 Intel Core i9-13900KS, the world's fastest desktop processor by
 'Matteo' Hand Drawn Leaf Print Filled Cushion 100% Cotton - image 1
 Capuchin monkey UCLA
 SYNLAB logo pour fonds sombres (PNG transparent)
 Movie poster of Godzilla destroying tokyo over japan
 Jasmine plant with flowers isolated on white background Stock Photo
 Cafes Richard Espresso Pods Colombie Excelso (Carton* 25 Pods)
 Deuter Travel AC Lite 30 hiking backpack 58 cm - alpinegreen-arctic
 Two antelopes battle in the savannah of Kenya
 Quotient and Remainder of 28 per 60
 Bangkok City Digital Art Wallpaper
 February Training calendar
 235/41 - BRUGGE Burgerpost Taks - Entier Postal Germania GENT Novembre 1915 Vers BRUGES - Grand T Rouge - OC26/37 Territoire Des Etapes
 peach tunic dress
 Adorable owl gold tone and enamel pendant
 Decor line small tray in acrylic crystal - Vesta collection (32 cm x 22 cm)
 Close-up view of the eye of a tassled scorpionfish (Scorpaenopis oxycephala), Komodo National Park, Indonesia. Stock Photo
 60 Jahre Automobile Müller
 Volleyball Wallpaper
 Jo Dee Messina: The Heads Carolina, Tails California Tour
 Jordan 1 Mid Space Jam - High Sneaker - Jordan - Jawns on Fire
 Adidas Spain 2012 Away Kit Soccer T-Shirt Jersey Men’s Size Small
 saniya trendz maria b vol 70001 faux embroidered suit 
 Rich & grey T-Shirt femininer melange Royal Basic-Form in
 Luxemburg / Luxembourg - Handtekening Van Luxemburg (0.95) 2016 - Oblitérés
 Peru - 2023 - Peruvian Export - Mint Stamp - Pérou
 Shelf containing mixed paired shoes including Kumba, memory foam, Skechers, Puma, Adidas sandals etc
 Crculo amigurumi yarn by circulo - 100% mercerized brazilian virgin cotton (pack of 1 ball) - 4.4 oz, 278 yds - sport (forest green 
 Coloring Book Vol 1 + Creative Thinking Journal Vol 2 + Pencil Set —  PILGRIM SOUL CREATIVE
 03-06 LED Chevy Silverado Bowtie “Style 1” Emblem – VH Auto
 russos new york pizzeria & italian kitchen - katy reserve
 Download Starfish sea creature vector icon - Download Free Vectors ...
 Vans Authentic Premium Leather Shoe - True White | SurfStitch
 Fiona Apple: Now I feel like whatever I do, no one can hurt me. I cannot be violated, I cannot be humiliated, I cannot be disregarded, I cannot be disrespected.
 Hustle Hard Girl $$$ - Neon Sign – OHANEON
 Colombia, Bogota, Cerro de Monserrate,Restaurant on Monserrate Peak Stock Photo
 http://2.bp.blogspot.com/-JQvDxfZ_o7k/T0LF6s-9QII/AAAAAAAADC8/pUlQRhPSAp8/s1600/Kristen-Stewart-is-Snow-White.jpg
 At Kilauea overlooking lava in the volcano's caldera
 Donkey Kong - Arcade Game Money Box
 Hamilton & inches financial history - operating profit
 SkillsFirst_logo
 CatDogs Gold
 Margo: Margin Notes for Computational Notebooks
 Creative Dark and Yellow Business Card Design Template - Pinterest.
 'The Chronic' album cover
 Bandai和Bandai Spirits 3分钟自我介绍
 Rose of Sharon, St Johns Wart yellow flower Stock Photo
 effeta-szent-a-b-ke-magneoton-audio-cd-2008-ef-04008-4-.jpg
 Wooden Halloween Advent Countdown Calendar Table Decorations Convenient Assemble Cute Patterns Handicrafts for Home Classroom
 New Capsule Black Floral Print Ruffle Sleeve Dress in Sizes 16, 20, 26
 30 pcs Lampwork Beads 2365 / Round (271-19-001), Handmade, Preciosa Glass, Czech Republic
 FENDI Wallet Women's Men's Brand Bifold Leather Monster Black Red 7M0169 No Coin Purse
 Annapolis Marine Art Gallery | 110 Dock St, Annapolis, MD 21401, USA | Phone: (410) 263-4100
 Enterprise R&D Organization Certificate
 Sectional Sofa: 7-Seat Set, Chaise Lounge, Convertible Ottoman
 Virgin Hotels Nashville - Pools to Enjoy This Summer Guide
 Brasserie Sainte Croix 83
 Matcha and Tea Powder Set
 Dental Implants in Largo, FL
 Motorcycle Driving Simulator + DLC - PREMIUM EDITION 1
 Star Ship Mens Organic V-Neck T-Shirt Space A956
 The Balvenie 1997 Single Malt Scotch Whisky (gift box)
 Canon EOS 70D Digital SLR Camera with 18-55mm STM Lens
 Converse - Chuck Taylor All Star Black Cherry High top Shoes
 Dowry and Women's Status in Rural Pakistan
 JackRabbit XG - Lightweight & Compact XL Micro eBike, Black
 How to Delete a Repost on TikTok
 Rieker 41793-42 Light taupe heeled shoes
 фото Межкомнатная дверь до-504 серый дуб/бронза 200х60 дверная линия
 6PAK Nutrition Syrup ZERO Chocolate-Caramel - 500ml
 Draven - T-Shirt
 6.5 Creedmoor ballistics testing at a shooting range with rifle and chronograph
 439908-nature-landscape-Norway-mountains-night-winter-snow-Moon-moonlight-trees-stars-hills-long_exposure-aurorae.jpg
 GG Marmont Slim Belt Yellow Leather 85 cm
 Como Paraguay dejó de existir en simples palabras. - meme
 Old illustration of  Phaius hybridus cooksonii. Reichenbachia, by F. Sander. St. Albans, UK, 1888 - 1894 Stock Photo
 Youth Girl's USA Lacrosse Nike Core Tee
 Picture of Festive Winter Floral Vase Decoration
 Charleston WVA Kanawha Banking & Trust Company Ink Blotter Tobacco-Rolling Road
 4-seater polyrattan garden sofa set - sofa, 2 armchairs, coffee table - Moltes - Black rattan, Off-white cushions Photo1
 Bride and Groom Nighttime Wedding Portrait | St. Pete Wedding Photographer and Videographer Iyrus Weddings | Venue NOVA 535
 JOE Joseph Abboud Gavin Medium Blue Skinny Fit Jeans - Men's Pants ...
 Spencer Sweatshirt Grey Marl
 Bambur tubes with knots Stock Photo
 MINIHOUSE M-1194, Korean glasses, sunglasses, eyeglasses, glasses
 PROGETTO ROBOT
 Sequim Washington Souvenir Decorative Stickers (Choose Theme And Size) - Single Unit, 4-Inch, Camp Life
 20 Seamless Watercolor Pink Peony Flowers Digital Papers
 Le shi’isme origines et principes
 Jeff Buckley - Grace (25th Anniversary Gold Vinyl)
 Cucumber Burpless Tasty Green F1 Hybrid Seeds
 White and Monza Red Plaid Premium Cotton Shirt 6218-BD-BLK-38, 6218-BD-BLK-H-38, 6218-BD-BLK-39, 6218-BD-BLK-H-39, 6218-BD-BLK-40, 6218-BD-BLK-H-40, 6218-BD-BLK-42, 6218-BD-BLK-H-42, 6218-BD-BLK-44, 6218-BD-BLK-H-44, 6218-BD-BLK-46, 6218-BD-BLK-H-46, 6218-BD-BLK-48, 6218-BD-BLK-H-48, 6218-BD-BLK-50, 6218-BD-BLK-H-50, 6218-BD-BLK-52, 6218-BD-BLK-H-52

□ □ □ □

Task description
Among the lines above, which ones hold the string "Black"? Show them.

Solution to this task
 New Capsule Black Floral Print Ruffle Sleeve Dress in Sizes 16, 20, 26
 FENDI Wallet Women's Men's Brand Bifold Leather Monster Black Red 7M0169 No Coin Purse
 Converse - Chuck Taylor All Star Black Cherry High top Shoes
 JackRabbit XG - Lightweight & Compact XL Micro eBike, Black
 4-seater polyrattan garden sofa set - sofa, 2 armchairs, coffee table - Moltes - Black rattan, Off-white cushions Photo1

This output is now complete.